Lines on John Palmer

Communicated by Miss Beslee

Lines, written by Mr Roscoe and spoken by Mr Holmes, before a play acted, at Liverpool, for the benefit of the family of Mr John Palmer, who died suddenly while performing the part of the Stranger in the play of that name, and immediately after repeating the words “Oh God, Oh God! there is another and a better world.”

Ye airy sprites, who oft as fancy calls,
Sport ’mid the fabric of these haunted walls
Light forms that float in mirth’s tumultuous throng
With frolic dance, and revelry, and song,
Fold your gay wings, repress your wonted fire
And from your favourite seats awhile retire!
And thou, whose powers sublimer thoughts impart
Queen of the springs that move the human heart
With change alternate, at whose magic call
The swelling tides of passion rise or fall,
Thou too, withdraw! for, ’mid thy loved abode,
With step more stern a mightier Power has trod,
Here, on this spot, to every eye confessed,
Enrob’d in terrors, stood the Kingly Guest;
Here, on this spot, Death waved th’unerring dart,
And struck his noblest prize — and honest heart.

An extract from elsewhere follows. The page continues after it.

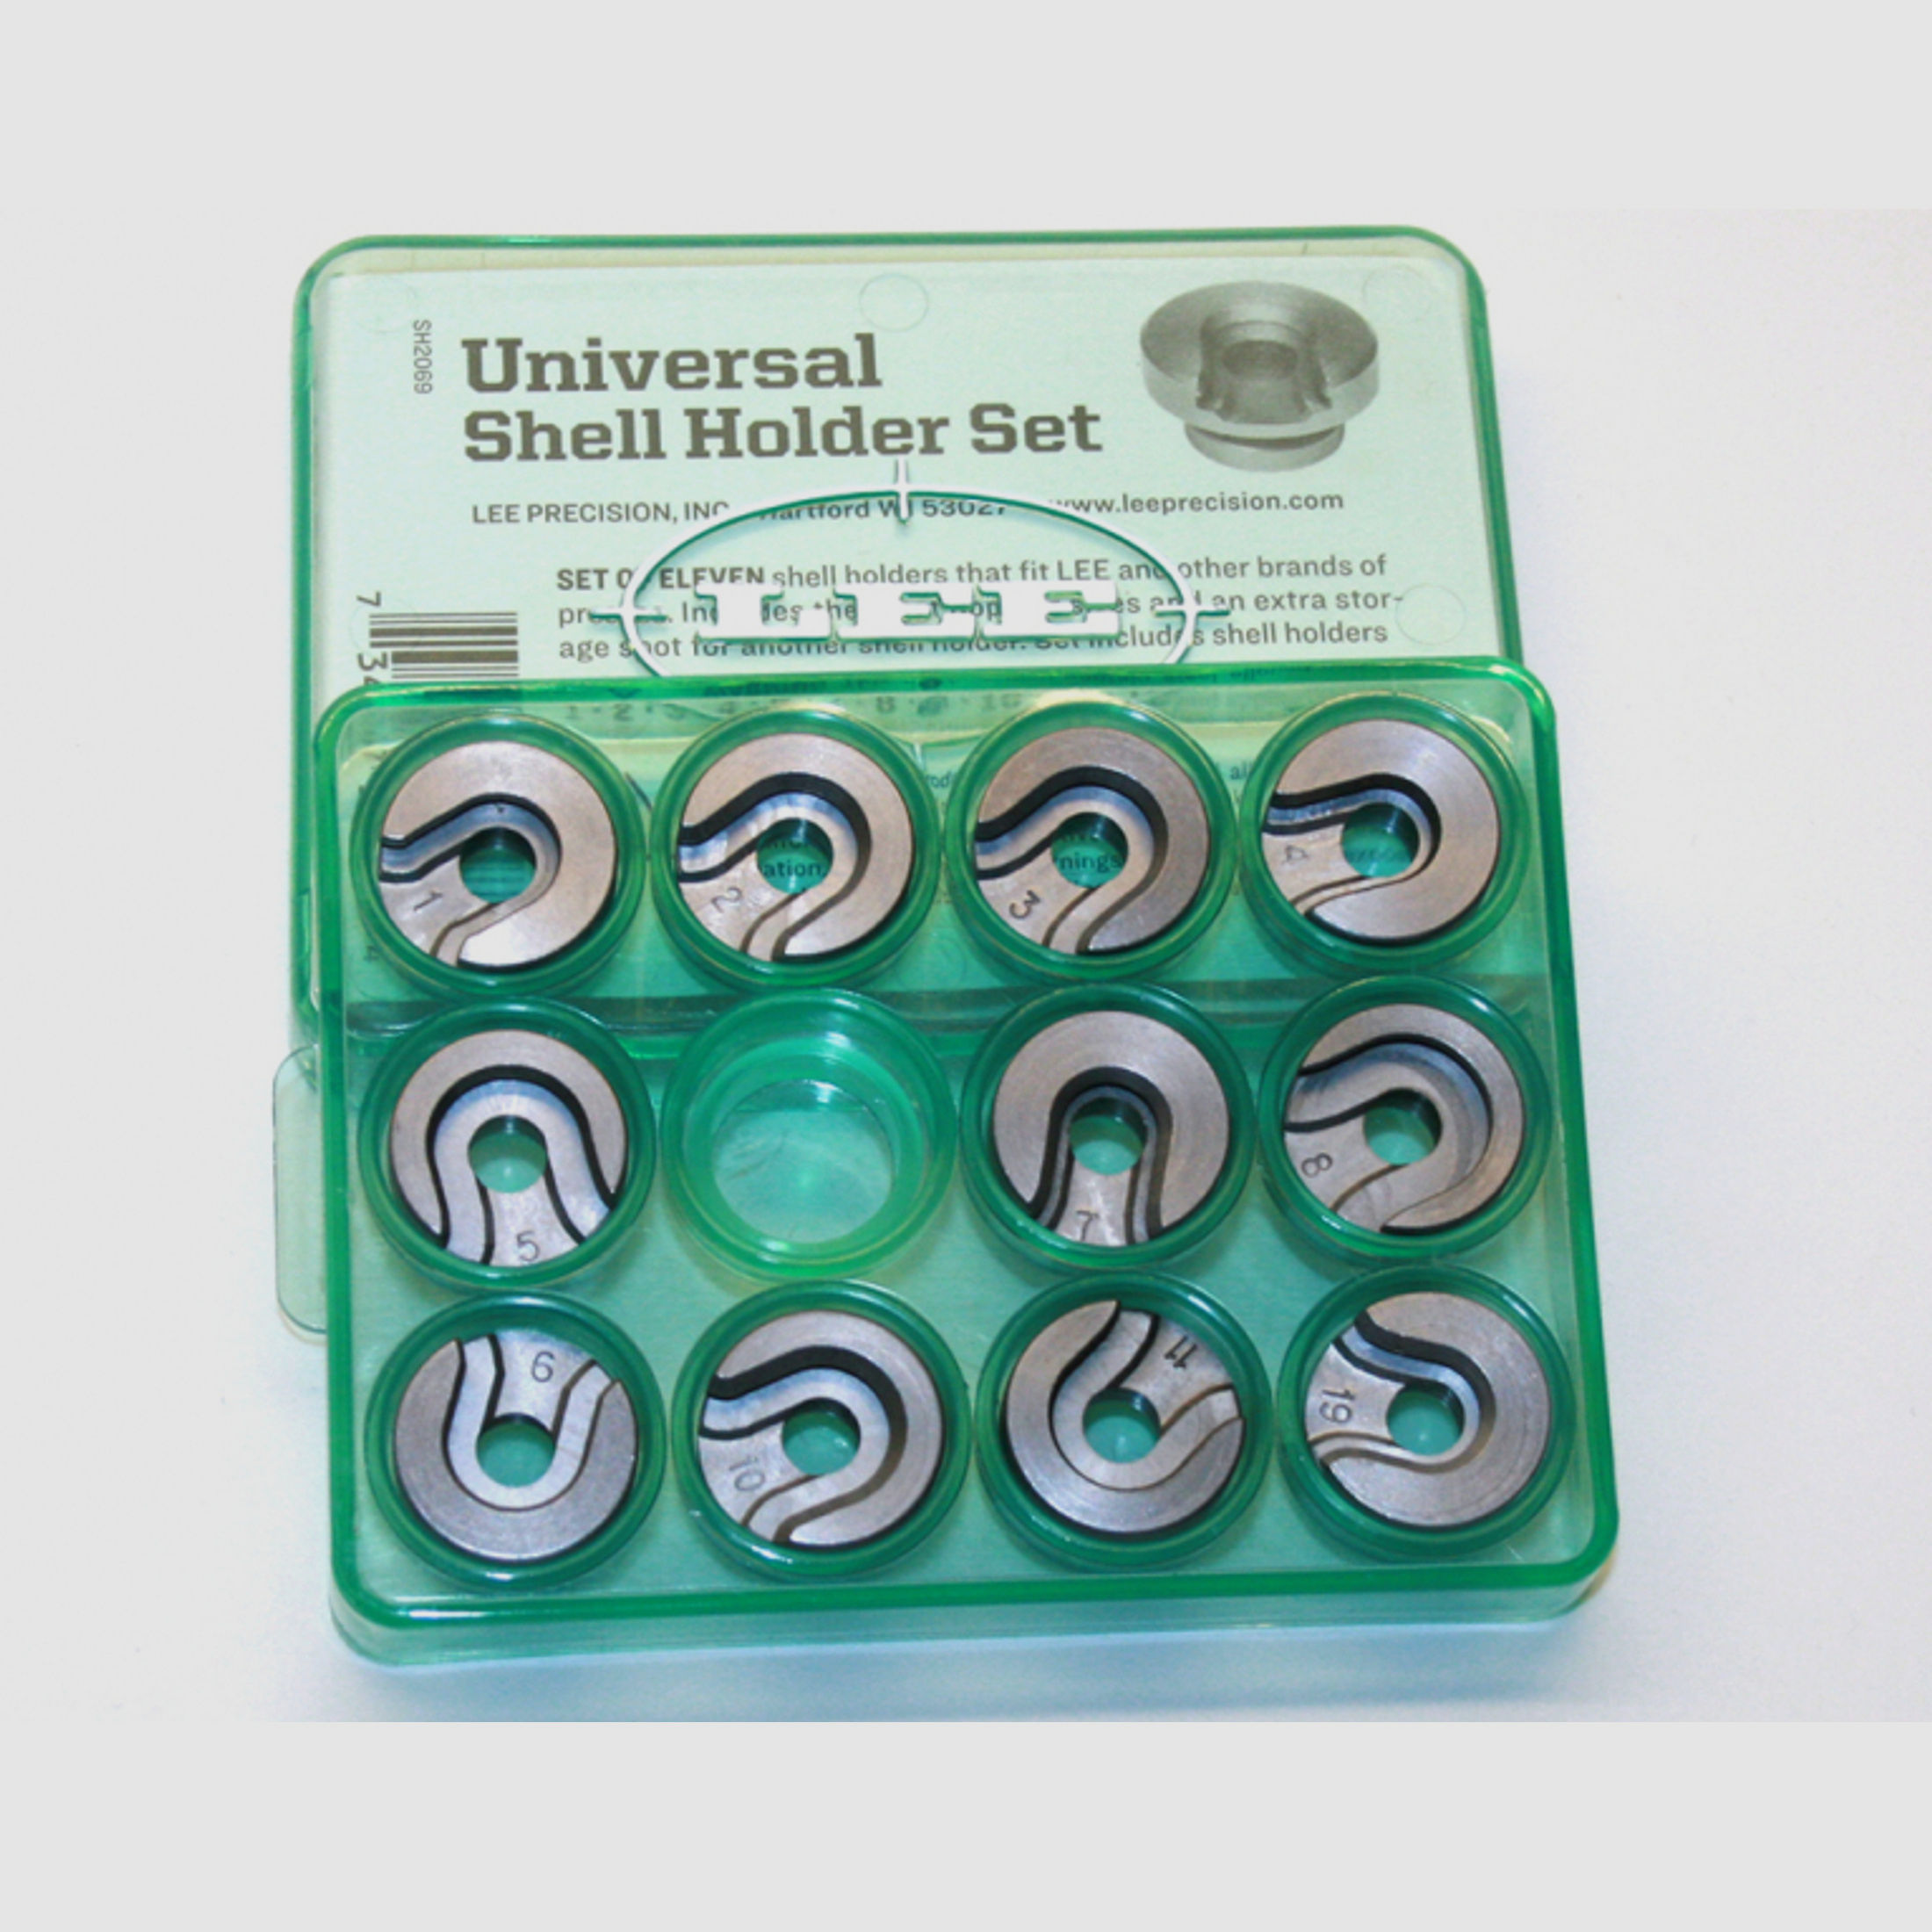 LEE Universal Press Shellholder SET Hülsenhalter 11 Stück für 115 Kaliber! 1,2,3,4,5,7,8,9,10,11,19

What wondrous links the human feelings bind!
How strong the secret sympathies of mind!
As fancy’s pictured forms around us move,
We hope or fear, rejoice, detest or love.
Nor heaves the sigh for selfish woes alone,
Congenial sorrows mingle with our own.
Hence, as the poet’s raptured eye-balls roll,
The fond delirium seizes all his soul,
And, as his pulse concordant measure keeps,
He smiles in transport, or in anguish weeps.
But oh! lamented shade, not thine to know
The anguish only of imagined woe.
Doomed the lov’d partner of thy soul to mourn
And fond parental ties untimely torn1
Then whilst thy bosom, lab’ring with its grief
In fabled sorrows sought short relief,
The fancied woes, too true to Nature’s tone,
Burst the slight barrier, and became thy own;
In mingled tides the swelling passions ran,
Absorb’d the actor, and o’erwhelmed the man!
Martyr of sympathy! more sadly true
Than ever fancy feigned, or poet drew.

Say why, by Heaven’s acknowledged hand impressed,
Such keen sensations actuate all the breast?
Why throbs the heart for joys that long have fled?
Why lingers hope around the silent dead?
Does Heaven, unjust, the fond desire instil
To add to mortal woes another ill?
Are there no beings of etherial frame
Who in soft whispers prompt the nightly dream,
And, ’mid lone musings of remembrance sweet,
Inspire the secret wish, once more to meet?
There are — for, not by more determined laws,
The sympathetic steel the magnet draws,
Than the freed spirit acts with strong control
On its responsive sympathies of truth unfurl’d,
“There is another and a better world.”

Yet, while we, sorrowing, tread this earthly ball,
For human woes a human tear will fall
Blest be that tear, who gives it doubly blest,
That heals with balm the orphan’s bleeding heart.
Not all that breathes in morning’s genial dew
Revives the parent plant form whence it grew
Yet may those dews, with kindly nurture, aid
The infant flow’rets drooping in the shade,
While memory of tried worth and manners mild,
A father’s virtue, still protect his child.


  1. Mr Palmer lost his wife and one or two of his children a short time before his death.